Trial Experience of Archer Crawler

I saw the advertisement on several websites about the magic archer crawler. It’s easier to get started, and the expansion of the function is not as comfortable as Python writes.

Step

  1. Register
  2. Select or develop a spider in the spider market
  3. Setting related parameters
  4. Test and start the spider
  5. Derived data

The crawler of the archer is written in JavaScript, and the content is parsed with XPath, regular and JsonPath. Integrating IP proxy, JS loading and other functions, the official documents are more detailed. The flow chart of the crawler operation is as follows:

—update—
The picture has expired。
—update—

The process of spider running is clear.

The structure of reptiles is as follows:

1
2
3
4
5
6
7
8
9
10
11
12
13
14
15
16
17
18
19
20
21
22
23
24
25
var configs = {
domains: ["xxx"],
scanUrls: ["xxxx"],
contentUrlRegexes: ["xxx"],
helperUrlRegexes: ["xxx"],
fields: [
{
name: "title",
selector: 'xxx',
required: true
},
{
name: "content",
selector: 'xxx',
repeated: true
},
{
name: "article_author",
selector: 'xxx'
}
]
};

var crawler = new Crawler(configs);
crawler.start();

The parameters of the crawler are defined in configs, and then a new Crawler object is started.

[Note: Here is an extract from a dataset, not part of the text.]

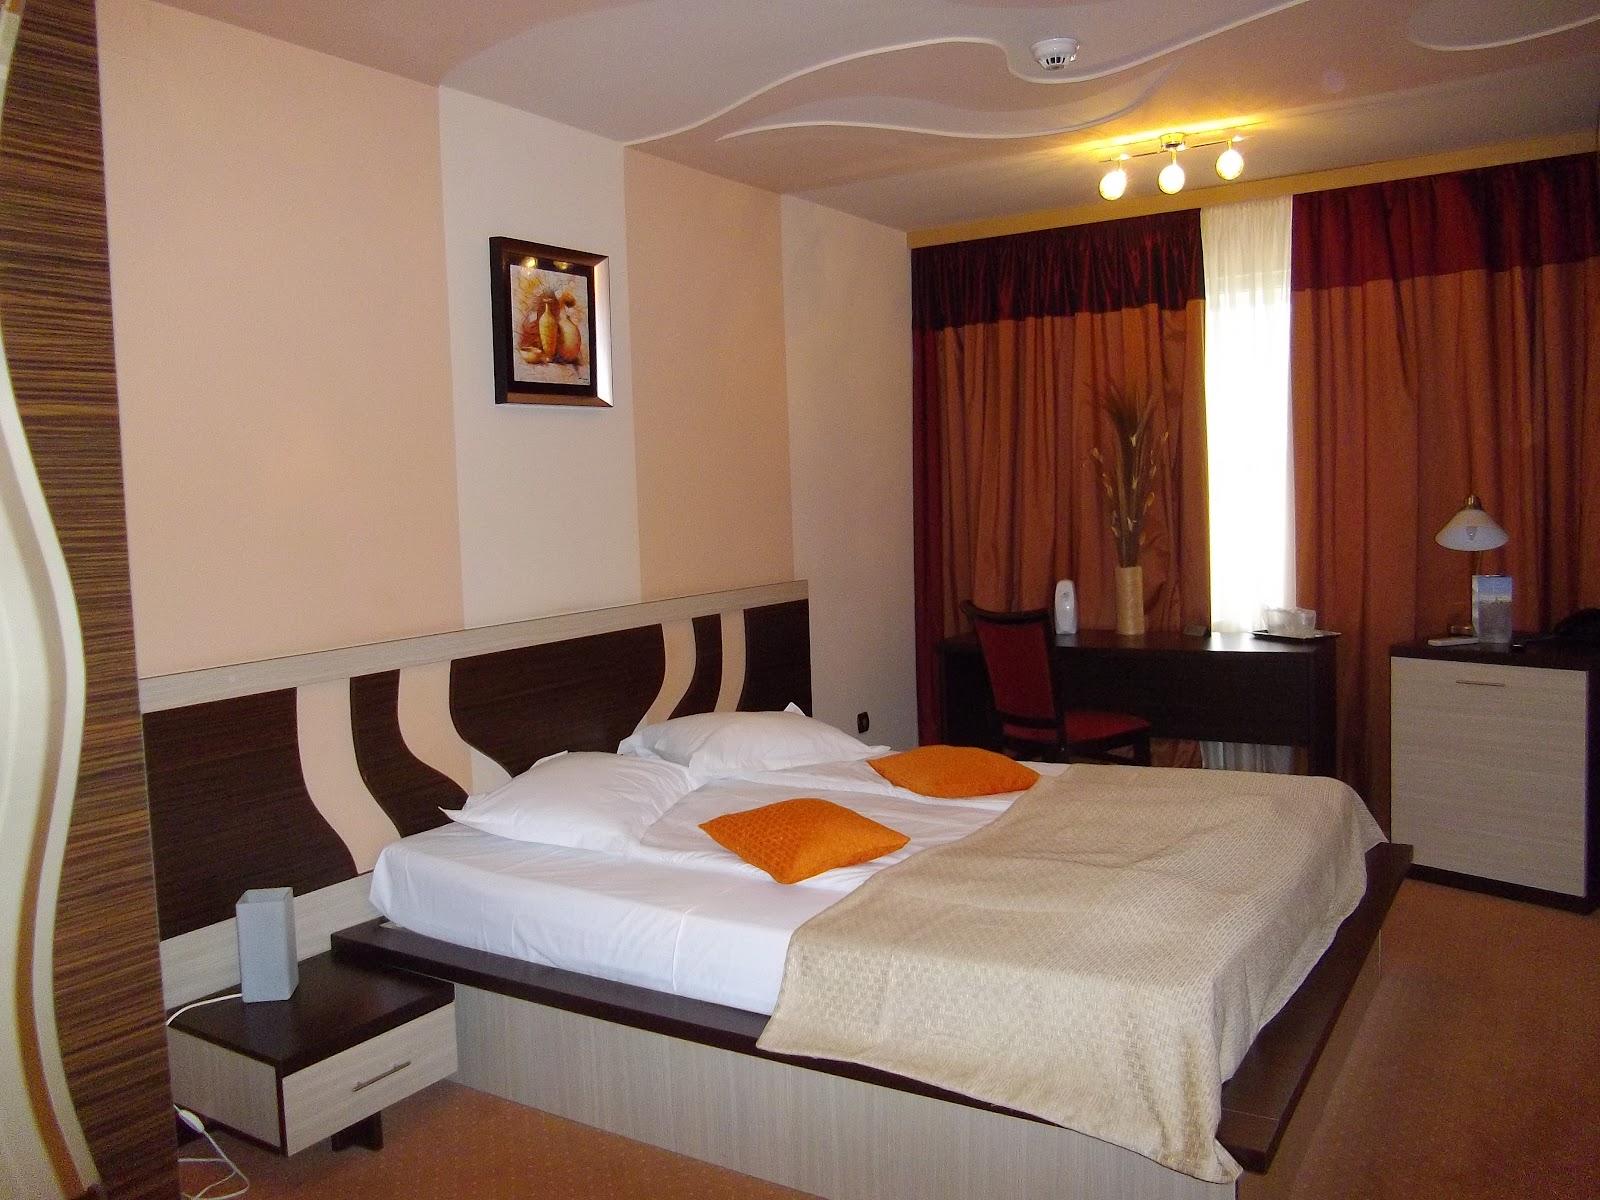 Hotel Review Hotel Nova Targoviste Romania Life In Luxembourg

Domains are used to filter unrelated URLs, scanUrls is the crawler’s entry page, contentUrlRegexes is the regular filtering rule for content pages, helperUrlRegexes is the regular filtering rule for list pages, fields contain the data that content pages parse out to save, selector defaults to XPath rule, can also be specified as regularity, required means that the item can not be empty, repeated means that the item can not be empty. There is more than one item. If you use XPath Helper to view elements filtered by XPath, multiple elements will be displayed, but when the crawler writes here, it will only crawl the first one that meets the criteria, so you need to specify repeated = true.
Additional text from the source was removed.